In this review, we focus on the role of HDAC4 in regulating chondrocyte hypertrophy and endochondral bone formation. The review not only provides new insight into the mechanisms of HDAC4 in chondrocyte hypertrophy and endochondral bone development but also creates a platform for developing a therapeutic strategy for related diseases, including skeletal dysplasias such as pronounced limb shortening and OA.

HDAC4 suppresses chondrocyte hypertrophy and endochondral bone formation by inhibiting the function of MEF2C and RUNX2

During endochondral bone development, chondrocyte hypertrophy is tightly regulated by various factors. The most well-known factors include secreted factors Indian hedgehog (Ihh), parathyroid hormone-related protein (PTHrP), type-X collagen (Col-X), matrix metalloproteinase-13 (MMP-13), vascular endothelial growth factor (VEGF), and transcription factors runt-related transcription factor 2 (RUNX2) and myocyte-specific enhancer factor 2C (MEF2C) (Figure 1).16

Fig. 1.

Fig. 1

Schematic diagram of histone deacetylase 4 (HDAC4) regulation of chondrocyte hypertrophy and endochondral bone development. Col-10, type-X collagen; Ihh, Indian hedgehog; MEF2C, myocyte-specific enhancer factor 2C; PTHrP, parathyroid hormone-related protein; RUNX2, runt-related transcription factor 2; VEGF, vascular endothelial growth factor.

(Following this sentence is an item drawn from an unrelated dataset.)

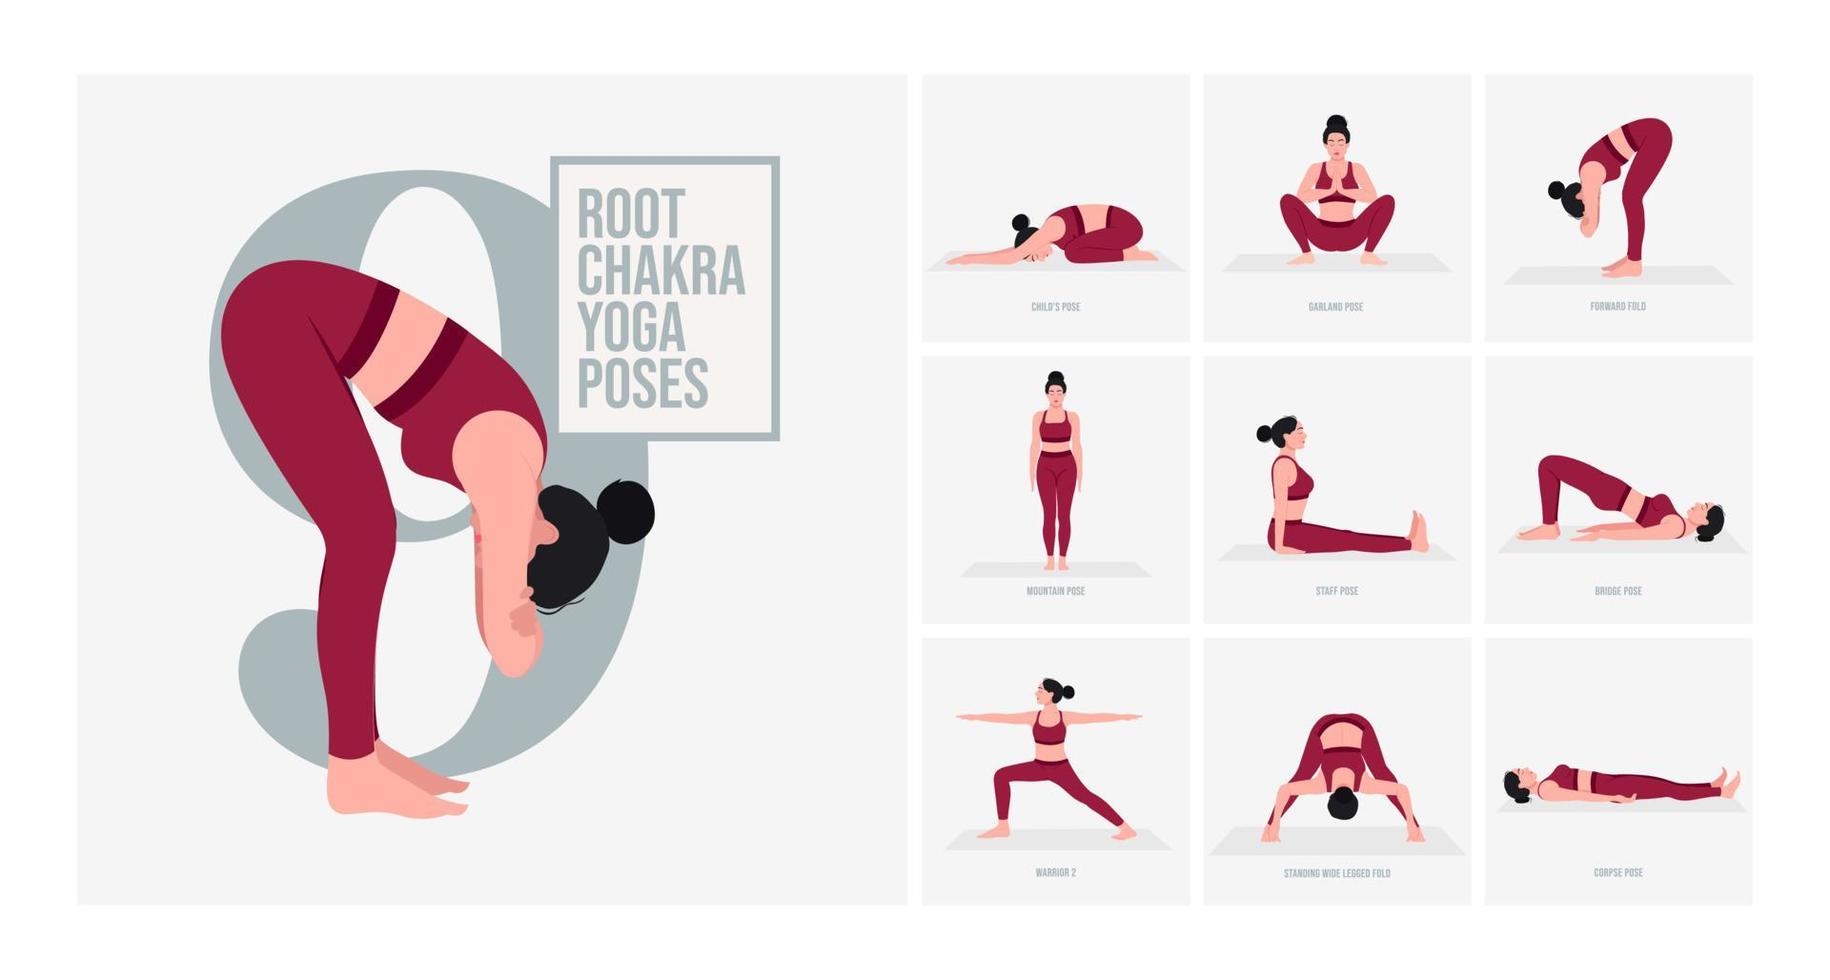 Posturas de yoga del chakra raíz. mujer joven practicando pose de yoga. mujer entrenamiento fitness, aeróbicos y ejercicios. vector

Ihh is a member of the Hedgehog family including sonic hedgehog (Shh), Desert hedgehog (Dhh), and Ihh, which are mainly produced and secreted by prehypertrophic chondrocytes, suggesting a critical role for the Ihh-PTHrP regulatory axis in chondrocyte proliferation and differentiation.17,18 Studies have found that Ihh stimulates proliferating chondrocytes to produce PTHrP, which in turn accelerates the proliferation of periarticular cells and prevents the onset of chondrocyte hypertrophy, maintaining chondrocytes in a proliferating state. This negative feedback loop regulates the balance between proliferation and maturation of chondrocytes, ensuring orderly bone formation.19 Furthermore, Kobayashi et al20 discovered that Ihh stimulates periarticular chondrocyte differentiation to regulate growth plate length independently of PTHrP.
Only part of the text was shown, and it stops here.